In Figs. 11c and d, we plot the histograms of Δt for TDS snapshots with and without ion-acoustic waves. In contrast to LFR, comparable numbers of snapshots with and without ion-acoustic waves are recorded. In Fig. 11c we find that the histograms of Δt are similar to those from LFR, and like the results in Fig. 11a we find that very few ion-acoustic waves were observed at the current structures themselves. We find that the median Δt are 2 min, 11 min, and 2 hr for τ = 1 s, 10 s, and 60 s, respectively, which agrees with the LFR results. When no ion-acoustic waves are observed by TDS we find significantly larger Δt, with median values of 15 min, 50 min, and 12 hrs for τ = 1 s, 10 s, and 60 s, respectively. Overall, we find that ion-acoustic waves are more likely to be observed closer to strong current structures compared to solar wind times without ion-acoustic waves. However, only a small fraction of the observed ion-acoustic waves occur at the strong current structures themselves. This suggests that the waves are either generated at the current structures and propagate away before they are observed or that the waves tend not to be generated at the most intense current structures. If we assume a weak damping rate of γ = −10−3ωpi the e-folding time is t ≈ 0.15 s. We expect the phase and group speeds to be comparable to the ion-acoustic speed Cs ∼ 50 km s−1, so the distance travelled by the waves before dissipating is only a few tens of kilometers if the waves propagate directly away from the current structure. This corresponds to Δt ≪ 1 s, which is well below the typical Δt in Fig. 11 and only accounts for a small fraction of the observed ion-acoustic waves. Therefore, it is unlikely that ion-acoustic waves being generated at the most intense current structures then propagate away from the structure can account for the observed distributions of Δt.

Finally, we consider statistically the local currents associated with ion-acoustic waves and compare them to the typical solar wind conditions to see if ion-acoustic waves are correlated with enhanced currents. To quantify the currents around the observed ion-acoustic waves we calculate the root-mean-square current Jrms over a 10 s interval, with the snapshot in the middle of the interval. We calculate these Jrms for ion-acoustic wave snapshots observed by TDS, and TDS snapshots without ion-acoustic waves. We also calculate Jrms over the entire month for comparison. Figures 12a–c show the histograms of Jrms, J‖,rms, and J⊥,rms, respectively, for all solar wind data (black), TDS snapshots with no ion-acoustic waves (blue), TDS snapshots with ion-acoustic waves (red), and LFR snapshots with ion acoustic waves (green). In each panel, we see that when ion-acoustic waves are observed, the distributions are shifted to larger Jrms, indicating that ion-acoustic waves tend to occur in regions of enhanced current. We find that J‖,rms, and J⊥,rms are both statistically larger when ion-acoustic waves are present. Over June 2020, we find a median Jrms of 1.5 nA m−2, while when ion-acoustic waves are observed by LFR and TDS the median Jrms are 2.2 nA m−2 and 2.7 nA m−2, respectively.
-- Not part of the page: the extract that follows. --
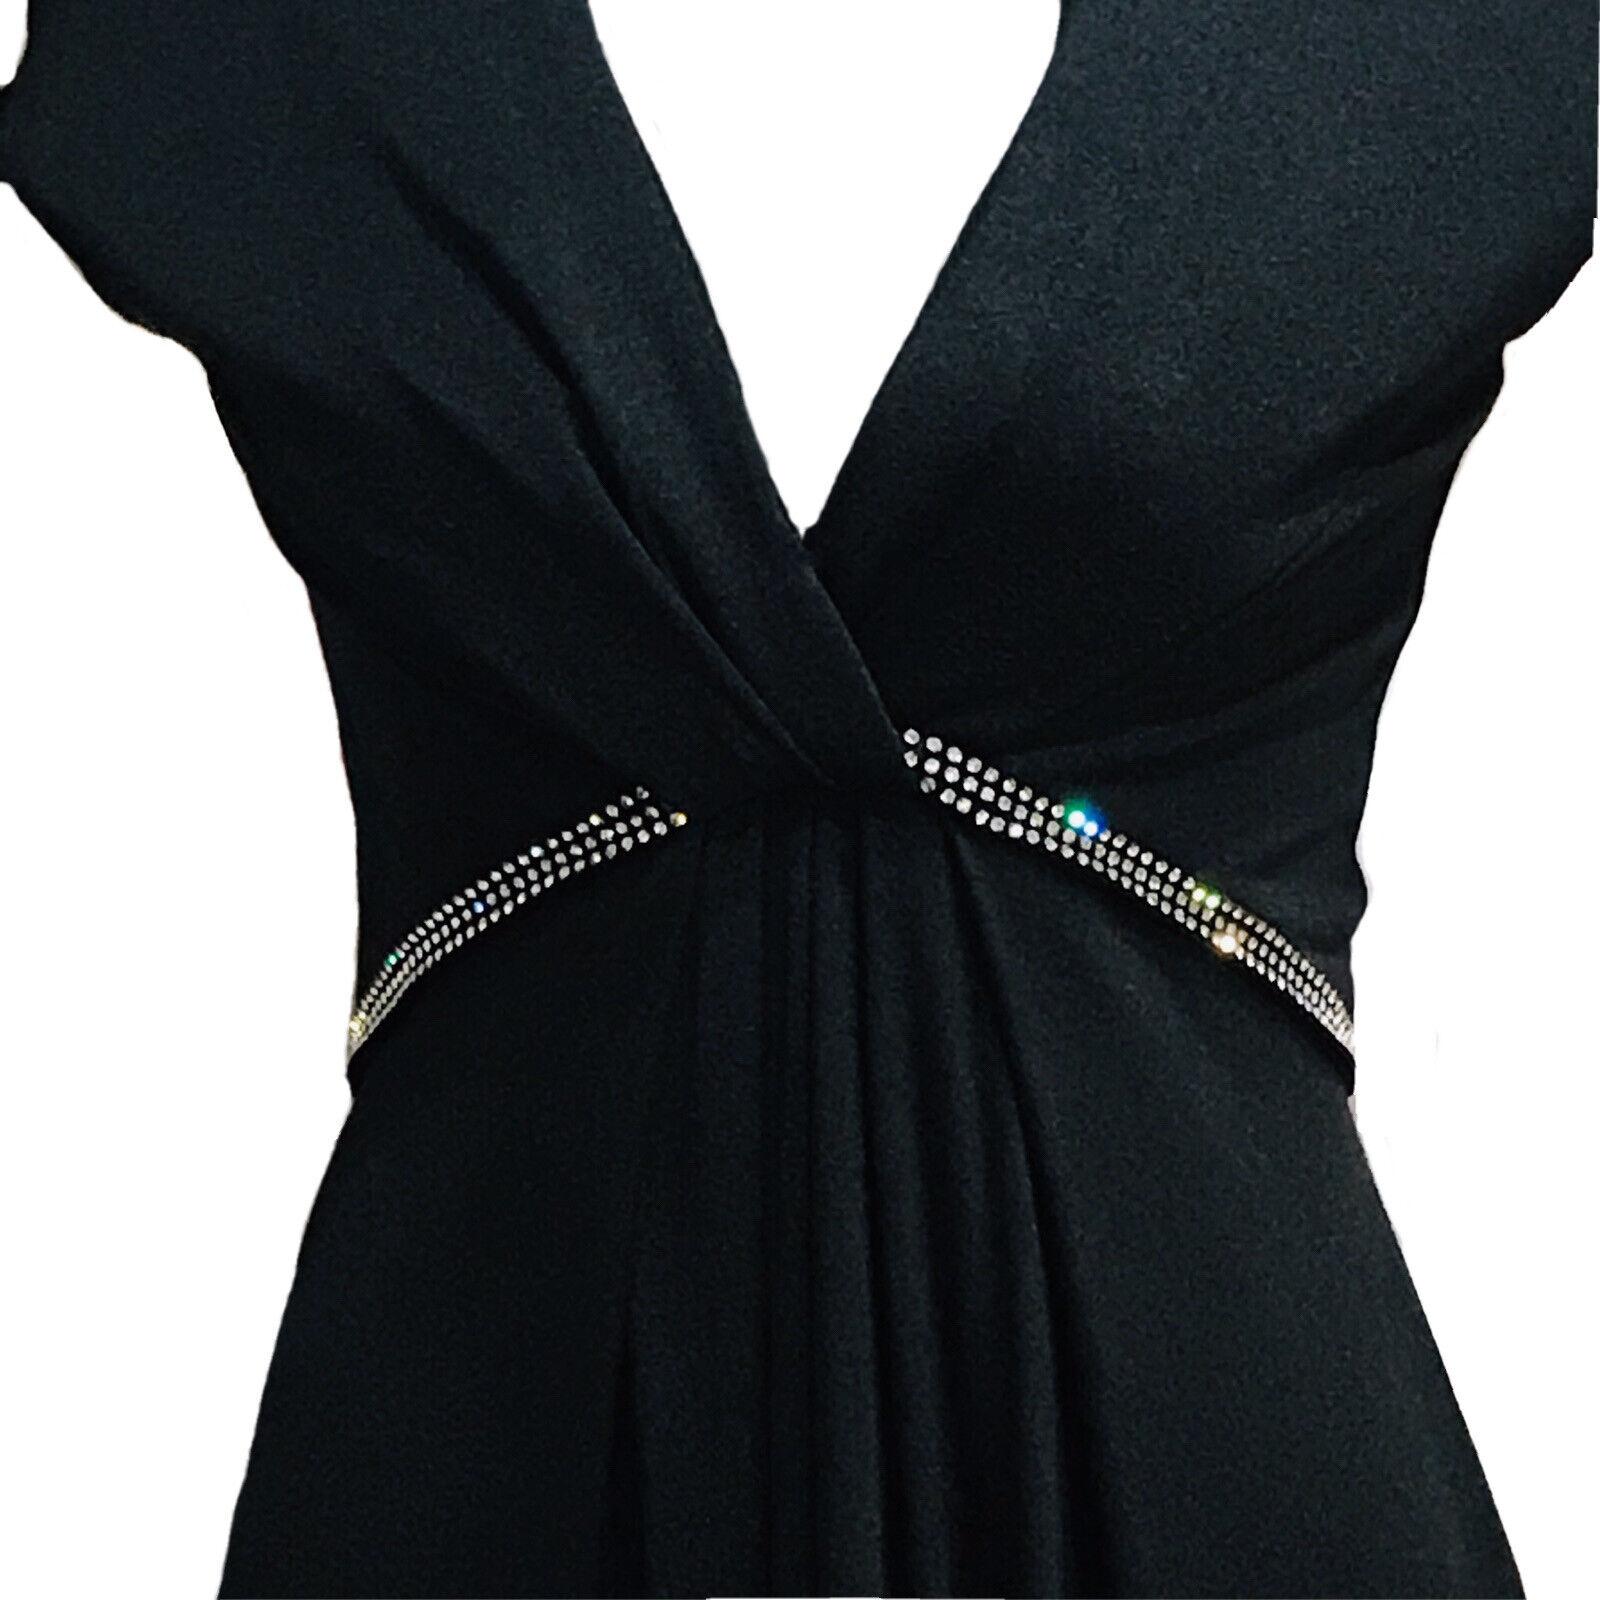 Vintage Luis Estevez Dress Eva Gabor Look Label B… - image 11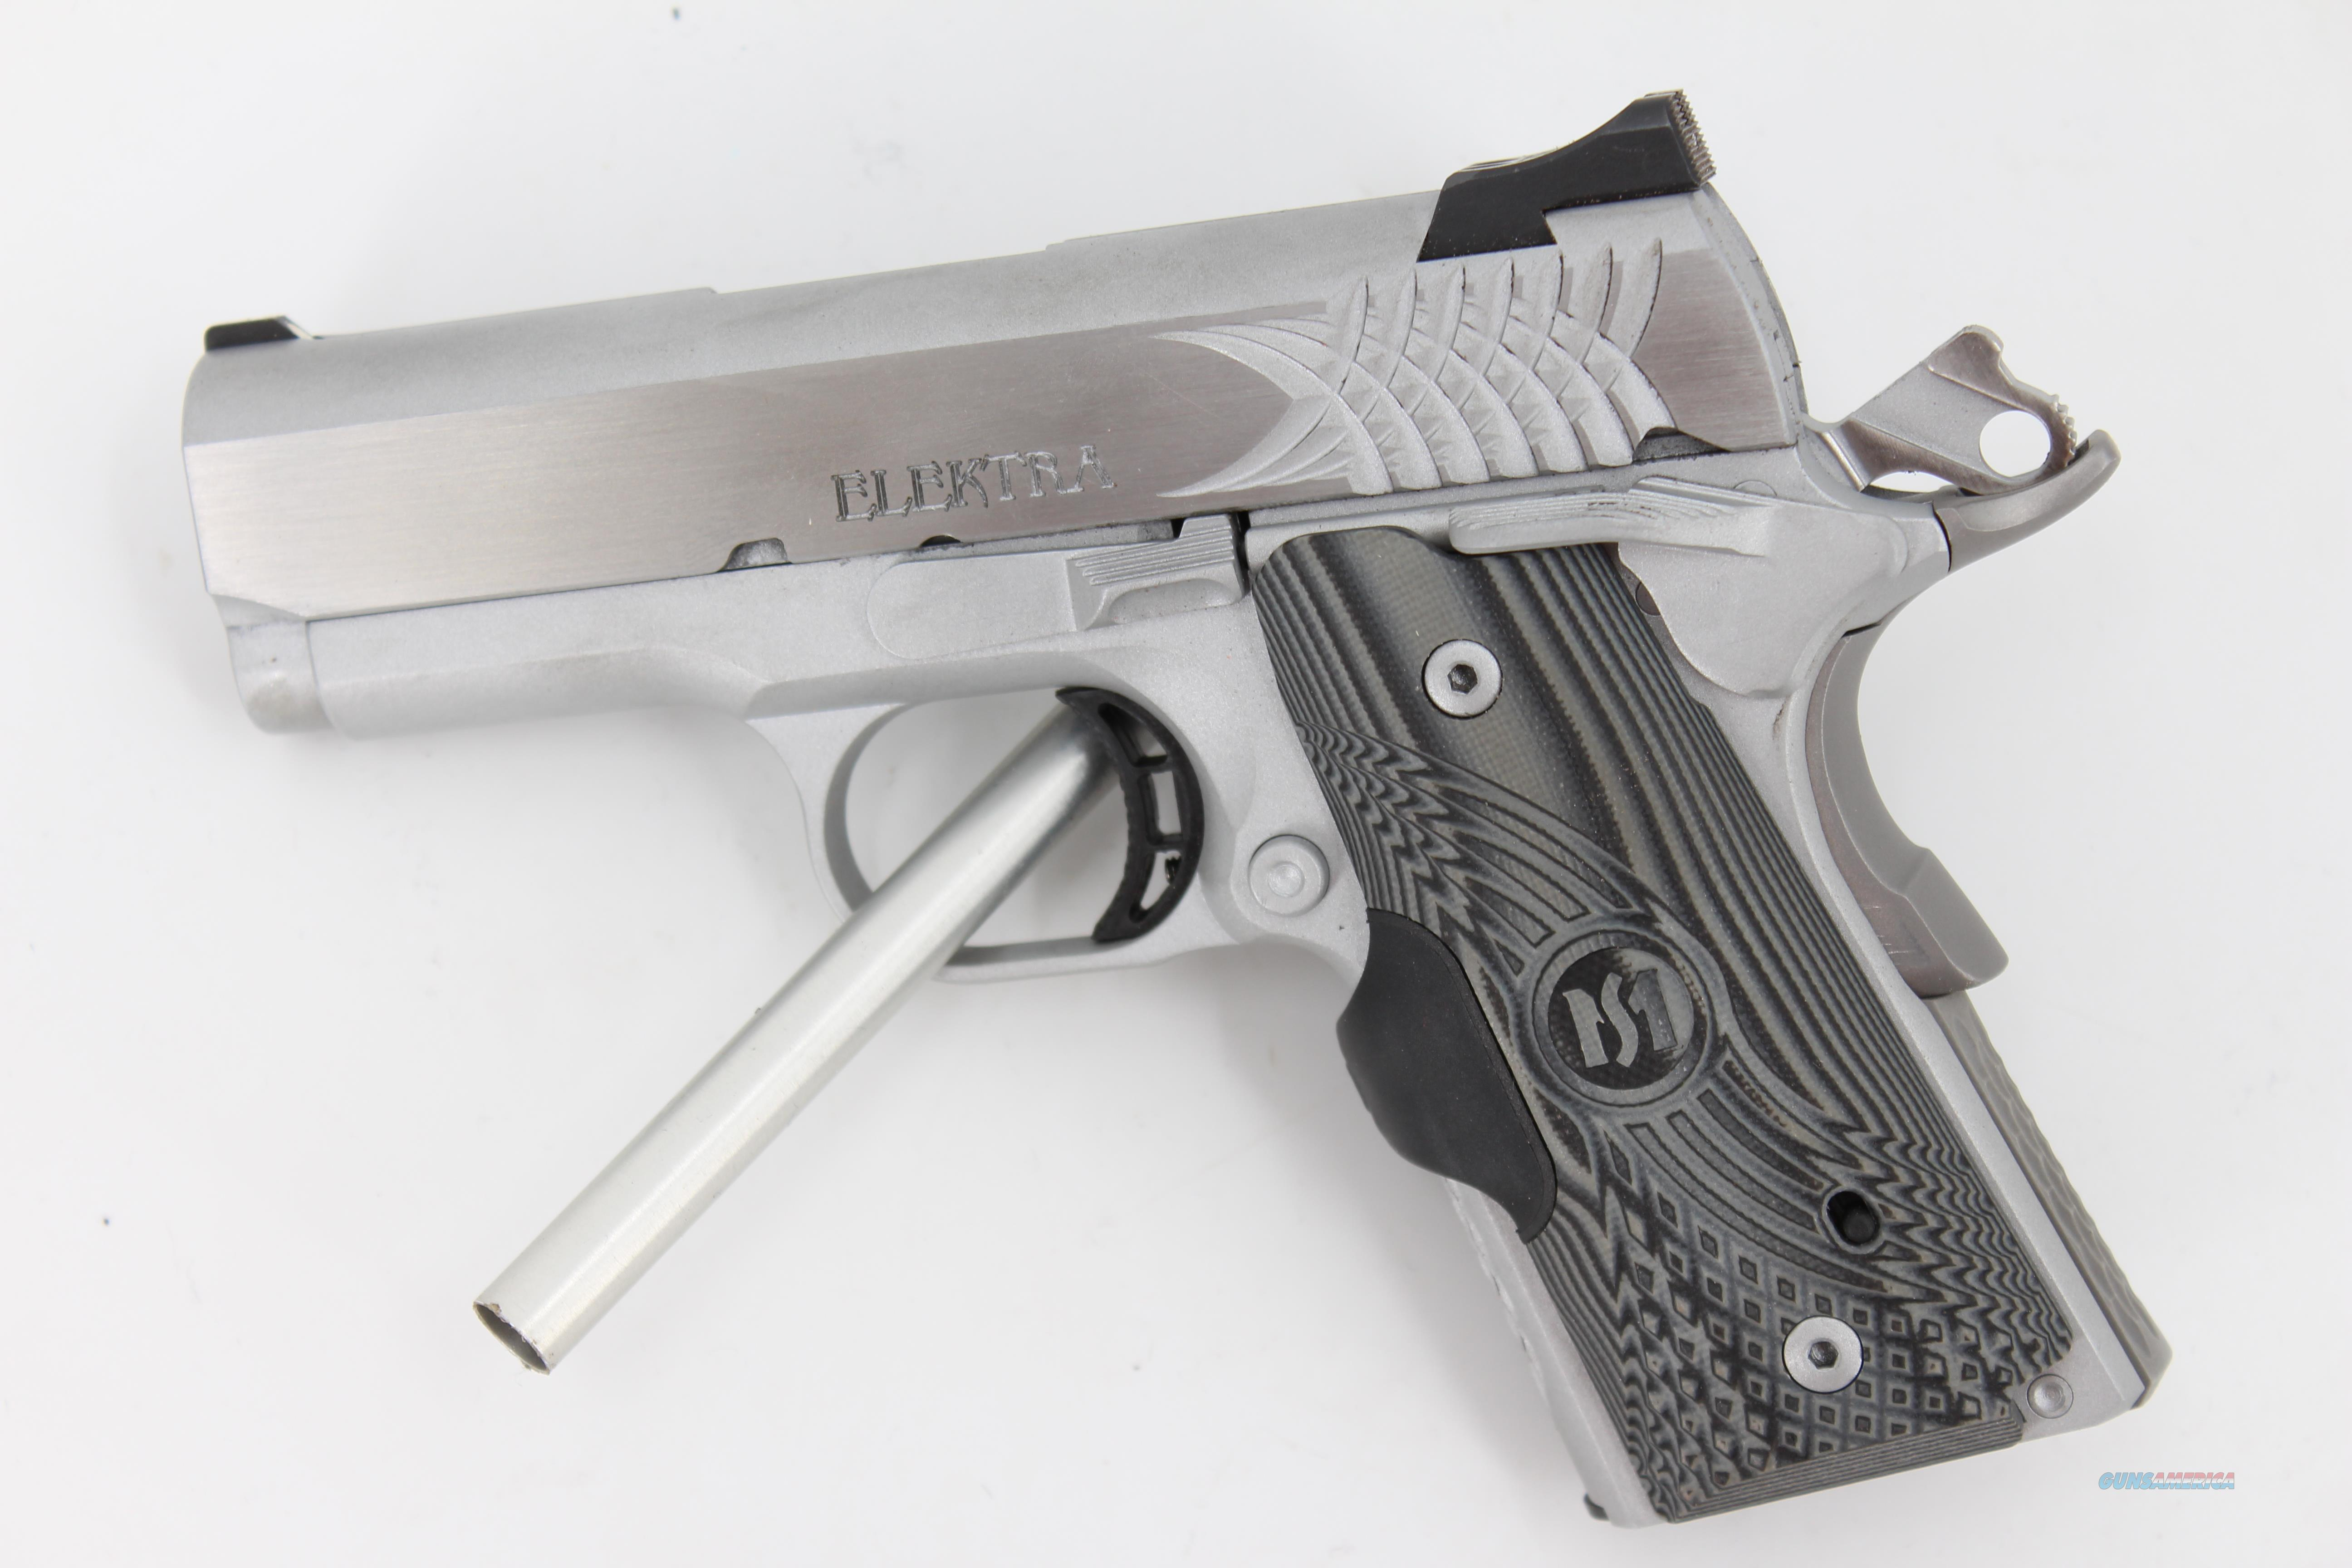 STI Elektra Stainless 9mm w/ Crimson Trace Grips  Guns > Pistols > STI Pistols

This suggests that ion-acoustic waves are more likely to be seen in the more turbulent solar wind where the typical fluctuations in ion-scale currents are larger.

thumbnail Fig. 12.

Histograms of the root-mean-square currents Jrms at the times when ion-acoustic and Langmuir waves are observed. Jrms are computed over 10 s intervals with the snapshot time centered in the middle. (a)–(c) Jrms, J‖,rms, and J⊥,rms for ion-acoustic wave intervals. The black curves are Jrms of all June 2020, the blue curves are TDS intervals with no ion-acoustic waves, the red curves are TDS intervals with ion-acoustic waves, and the green curves are LFR intervals with ion-acoustic waves. (d)–(f) Jrms, J‖,rms, and J⊥,rms for Langmuir wave intervals. The black curves are Jrms of all June 2020, the blue curves are TDS intervals with no Langmuir waves, the red curves are TDS intervals with Langmuir waves.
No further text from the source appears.